→ **WHAT YOU NEED TO DO**: A full, word-for-word copy of the listing below is needed; leave the images out of it.
-- DATASET EXTRACT follows --
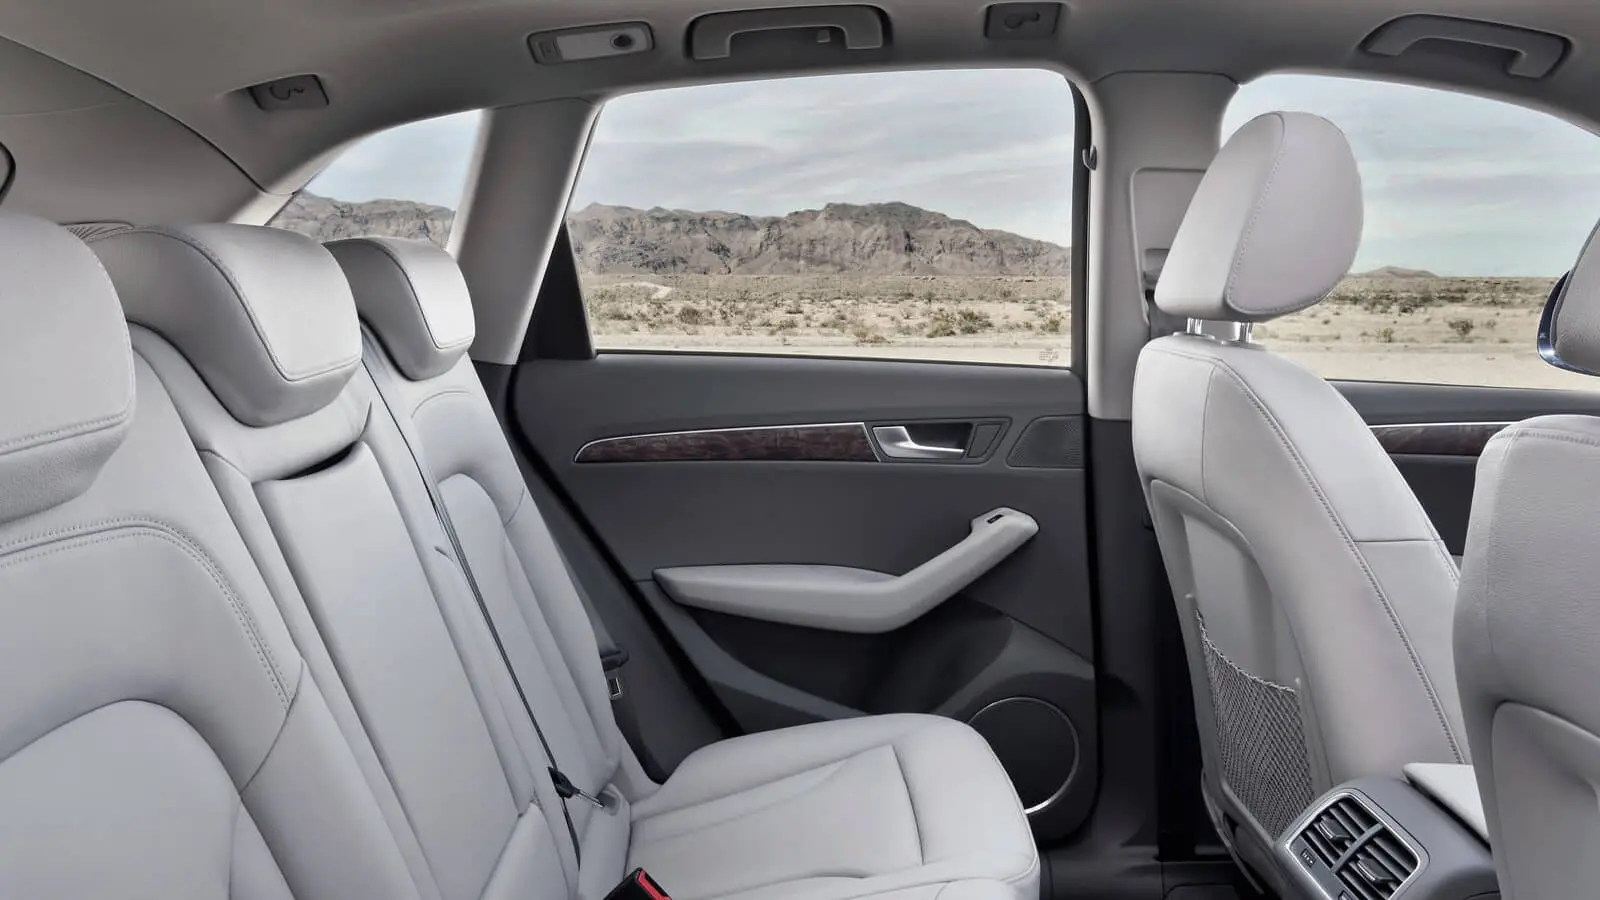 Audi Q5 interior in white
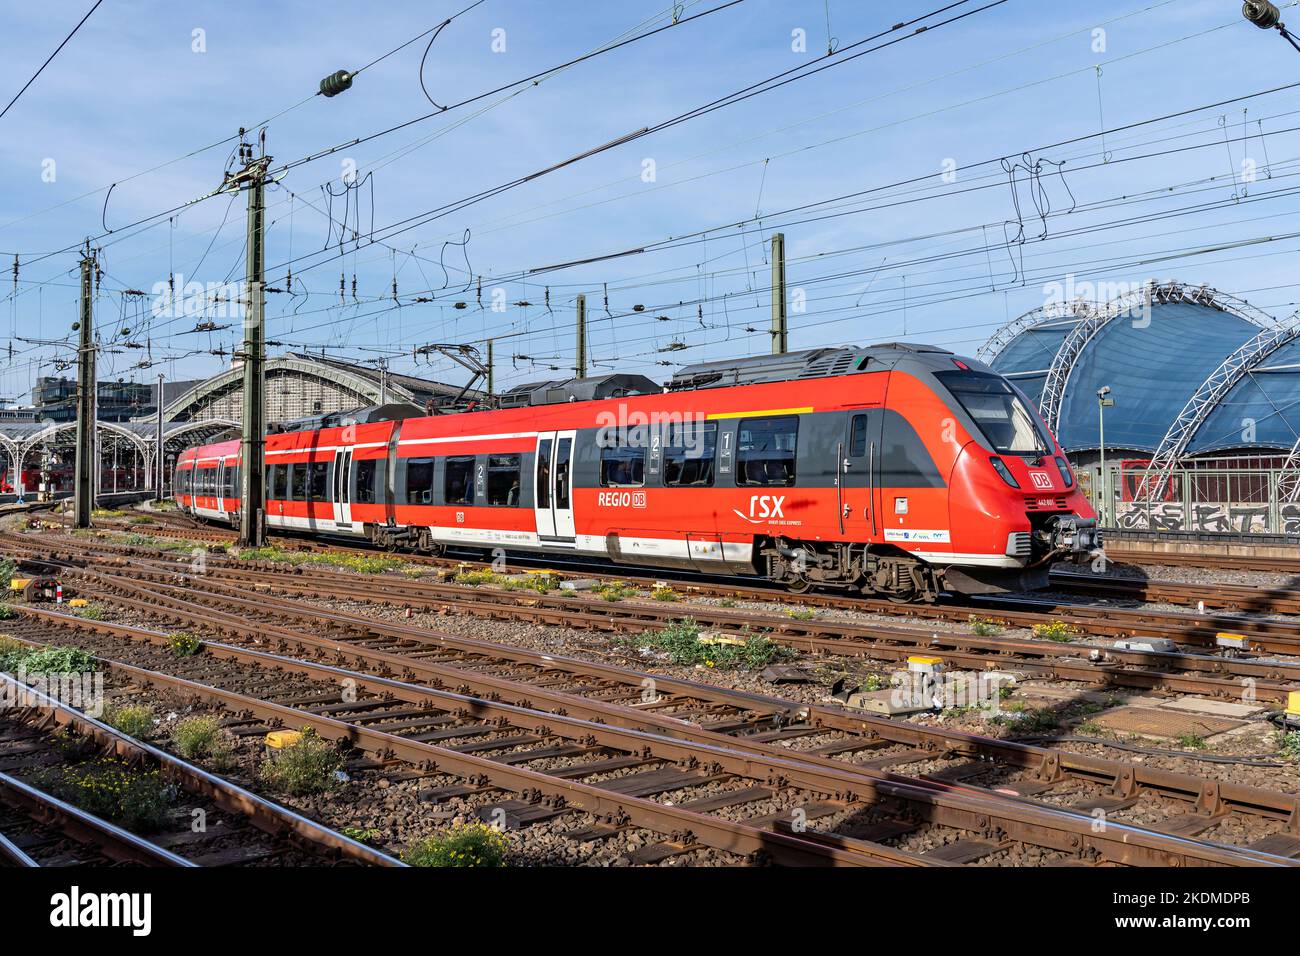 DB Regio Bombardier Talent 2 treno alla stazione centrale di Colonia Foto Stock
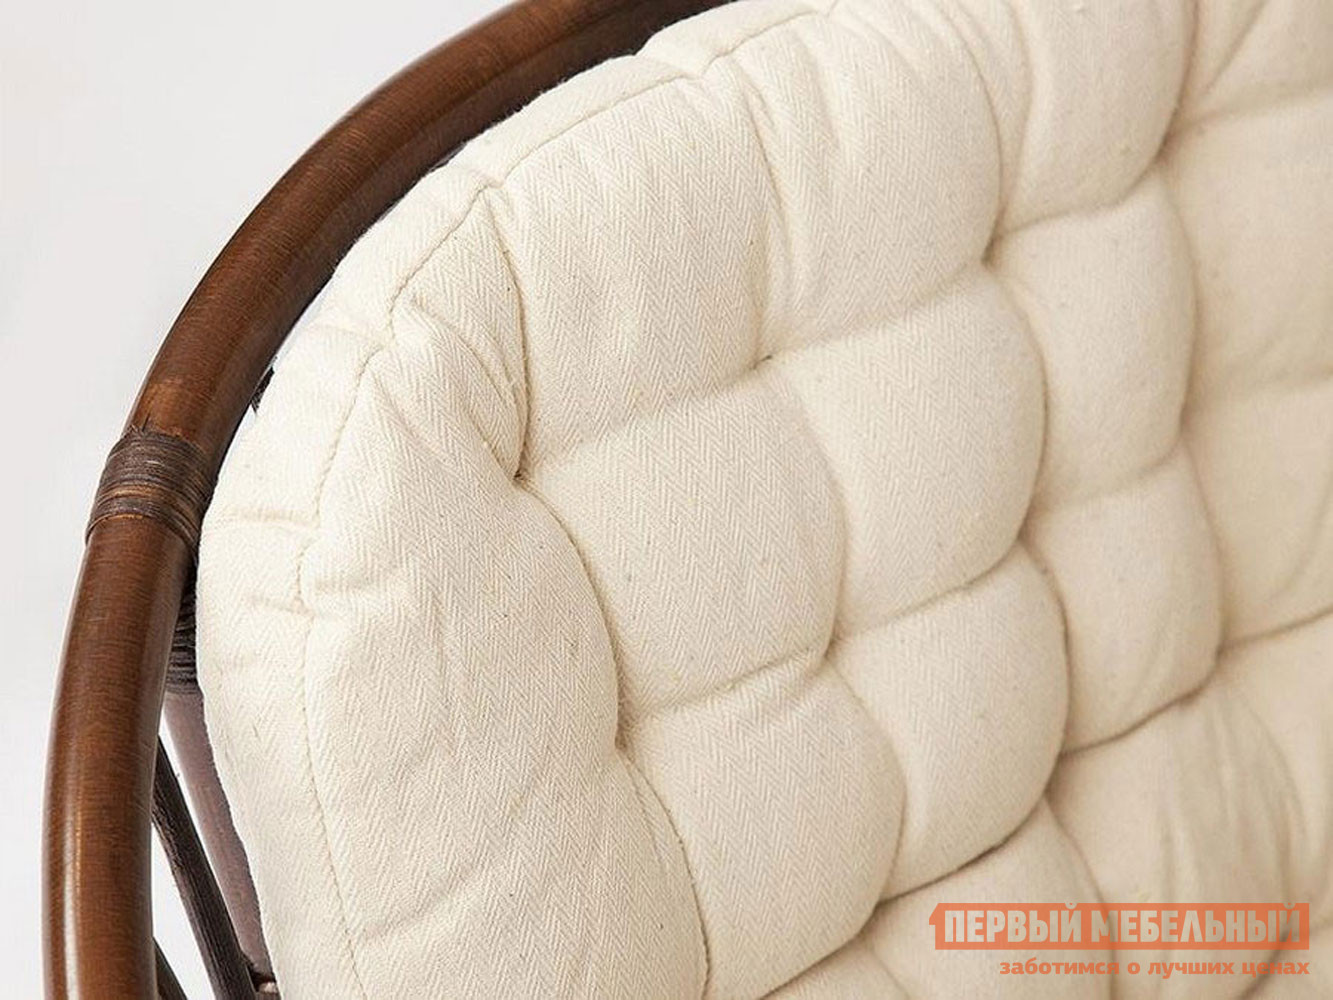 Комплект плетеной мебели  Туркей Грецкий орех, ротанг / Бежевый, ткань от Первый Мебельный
-- DATASET EXTRACT concluded --
→ **WRITTEN RESPONSE**:
 Audi Q5 interior in white
 DB Regio Bombardier Talent 2 treno alla stazione centrale di Colonia Foto Stock
 Комплект плетеной мебели  Туркей Грецкий орех, ротанг / Бежевый, ткань от Первый Мебельный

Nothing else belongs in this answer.